33. In the improvement of claim 32, wherein said second sides are the undersides of said panels and said socket has an end located in substantial alignment with said predetermined plane.

34. In the improvement of claim 32, wherein said camming portion has a cam face for said other panel.

35. In the improvement of claim 34, wherein said cam face includes a plurality of mutually inclined portions.

36. In the improvement of claim 35, wherein said mutually inclined portions include a relatively steep first portion immediately adjacent to said socket and at least one less steeply inclined second portion adjacent to said first portion.

37. In the improvement of claim 27, wherein said connecting means is designed to separably connect said mounting portion to said one panel.

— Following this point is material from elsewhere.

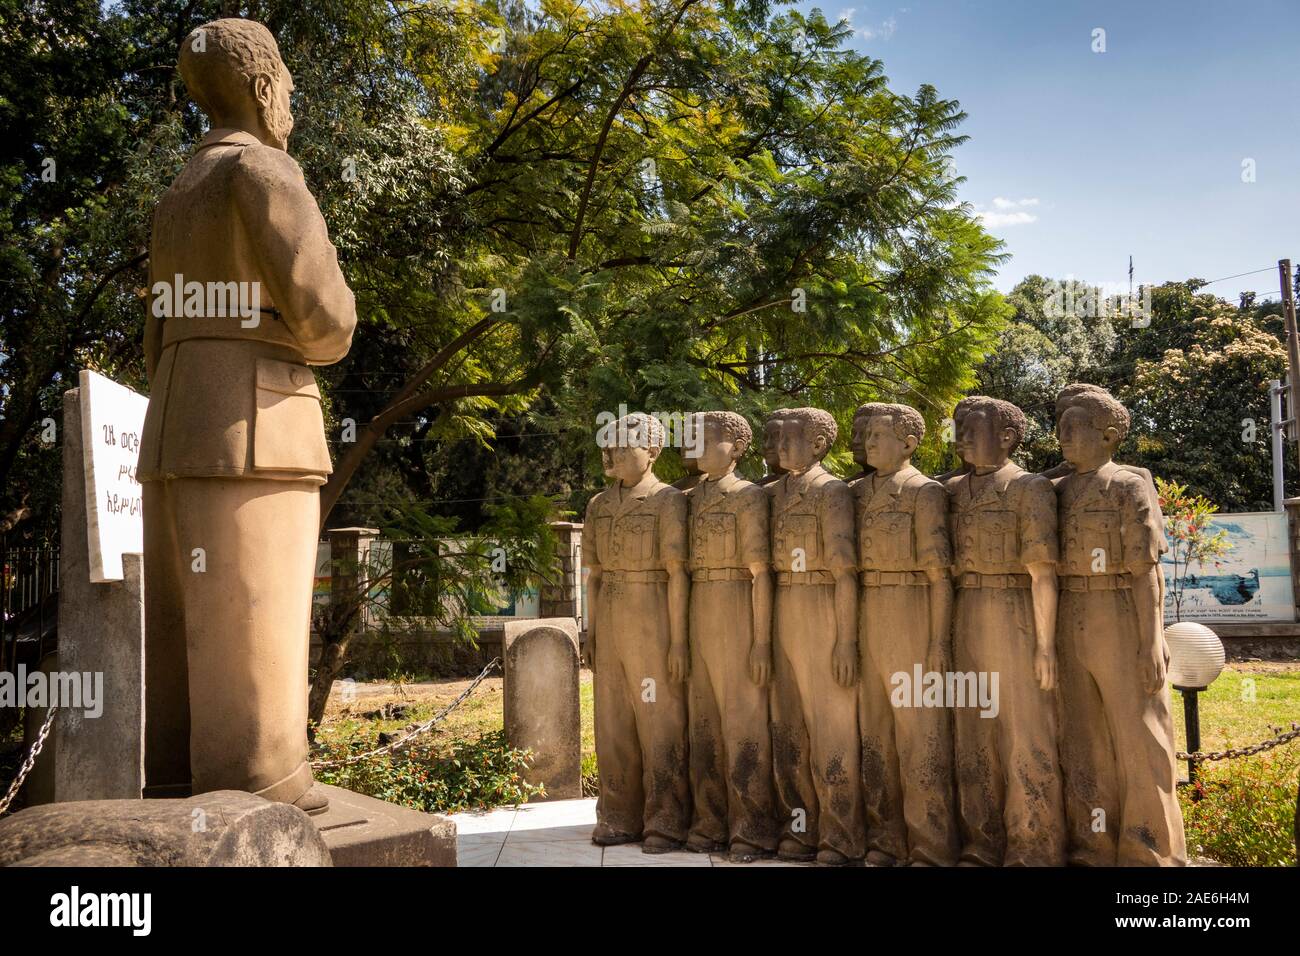 Ethiopia, Addus Ababa, National Museum of Ethiopia, statue of Emperor Haile Selassie, giving directions to 12 students at end of monarchial regime, fo Stock Photo

38. In the improvement of claim 37, wherein said one panel has an opening and said connecting means comprises a bolt extending into said opening.

39. In the improvement of claim 38, wherein said second sides are the undersides of said panels and said one panel comprises a reinforcing rib having a portion adjacent to said marginal portion of said one panel, said opening being provided in said rib, said other panel having a reinforcing element provided at the respective marginal portion and extending downwardly beyond said second side of said other panel, said reinforcing element having an edge face remote from said second side of said other panel and being spaced apart from said supporting portion of said dismantling device while said panels are connected to each other.

40. In the improvement of claim 39, wherein said mounting portion comprises carrier means extending in substantial parallelism with said rib and an arm rigid with said carrier means and adjacent to said rib, said bolt being provided on said arm and said opening being provided in said rib.

41. In the improvement of claim 40, wherein said bolt is rotatably mounted in and is permanently secured to said arm.